The idea is to ultimately summarize (take the mean) of each variable per country-year:
cols = sapply(WVS, is.numeric)
cols = names(cols)[cols]
dfclevel= df[, lapply(.SD, mean, na.rm=TRUE), .SDcols = cols, by=matchcode]
In the end I tried to switch it around to circumvent the NA's;
df <- as.data.frame(df)
as.numeric.factor <- function(x) {as.numeric(levels(x))[x]}
df[] = lapply(df, as.numeric.factor)
cols = sapply(df, is.numeric)
cols = names(cols)[cols]
df[df < 0] <- NA
df <- df[,colMeans(is.na(df)) <= 0.999]
df <- data.table(df)
dfclevel = df[, lapply(.SD, mean, na.rm=TRUE), .SDcols = cols, by=matchcode]
but then I get:
> dfclevel = df[, lapply(.SD, mean, na.rm=TRUE), .SDcols = cols, by=matchcode]
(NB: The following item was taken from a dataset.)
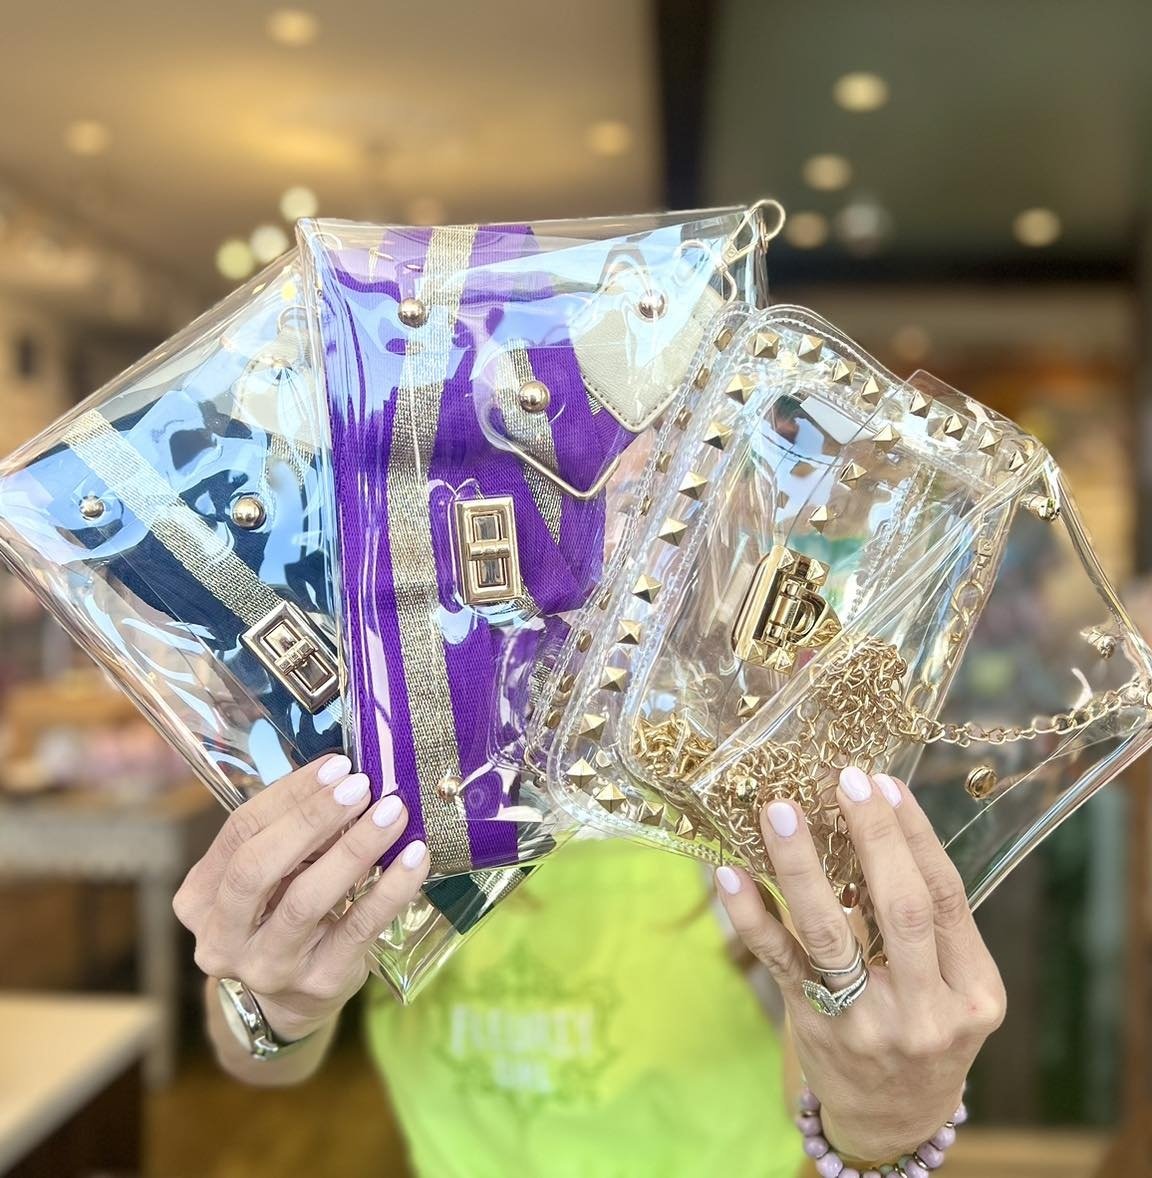 Stadium approved clear bag  Bags, Clear bags, Louis vuitton twist bag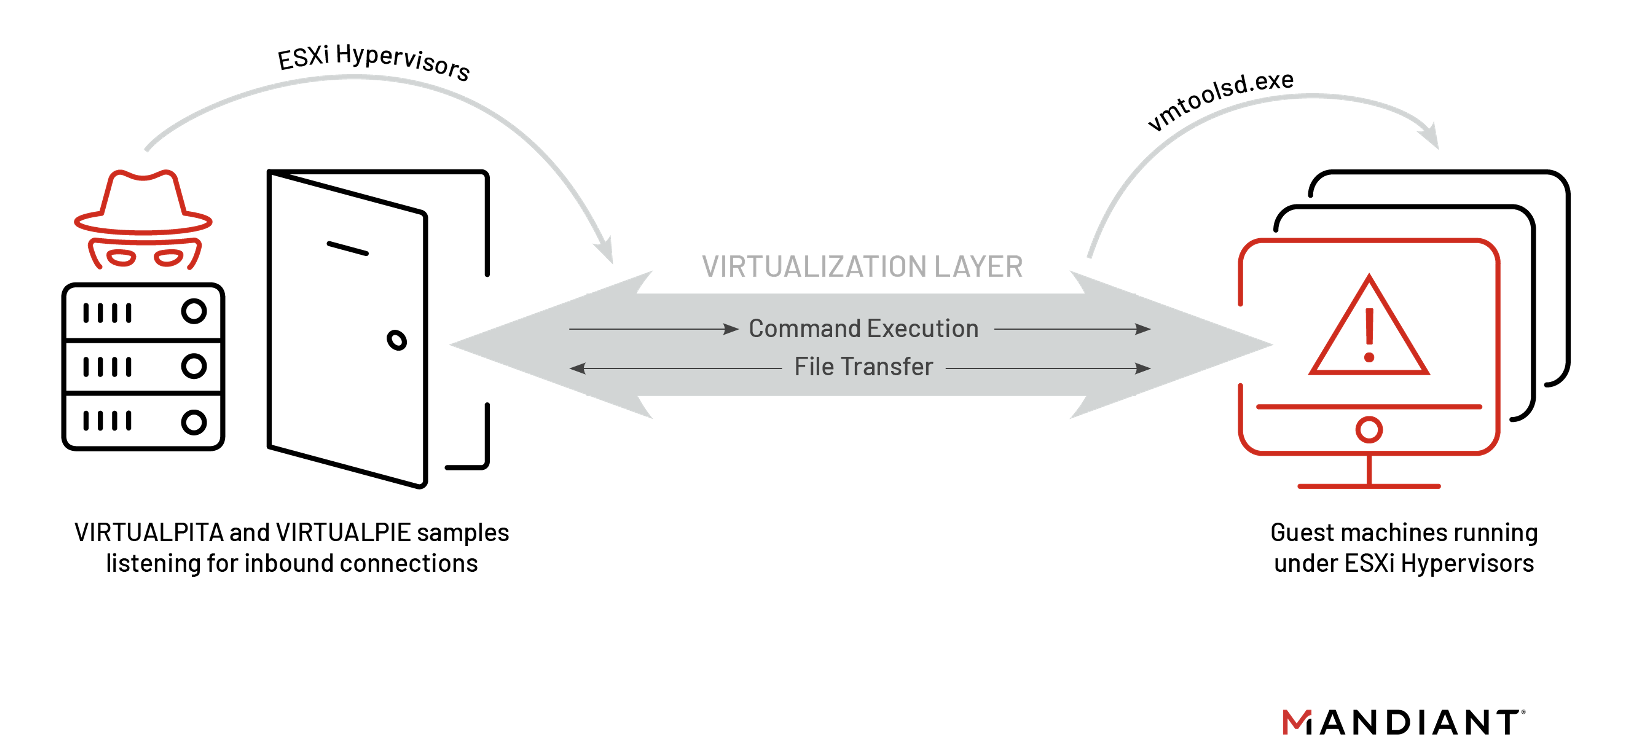 Attackers target hypervisors of virtual platforms to avoid EDR and maintain persistence

Error in `[.data.frame`(df, , lapply(.SD, mean, na.rm = TRUE), :
unused arguments (.SDcols = cols, by = matchcode)
> df <- data.table(df)
> dfclevel = df[, lapply(.SD, mean, na.rm=TRUE), .SDcols = cols, by=matchcode]
Error in `[.data.table`(df, , lapply(.SD, mean, na.rm = TRUE), :
Some items of .SDcols are not column names (or are NA)
I tried without .SDcols=cols
, then I get:
> df <- as.data.frame(df)
> as.numeric.factor <- function(x) {as.numeric(levels(x))[x]}
> df[] = lapply(df, as.numeric.factor)
Error in `[<-.data.frame`(`*tmp*`, , value = list(matchcode = c(NA_real_, :
replacement element 6 has 717 rows, need 720
In addition: Warning message:
In FUN(X[[i]], ...) : NAs introduced by coercion
> df <- data.table(df)
> dfclevel = df[, lapply(.SD, mean, na.rm=TRUE), by=matchcode]
Error in gmean(S009, na.rm = TRUE) :
Type 'character' not supported by GForce mean (gmean) na.rm=TRUE. Either add the prefix base::mean(.) or turn off GForce optimization using options(datatable.optimize=1)
I have been struggling with this issue for so long, some help would truly be appreciated.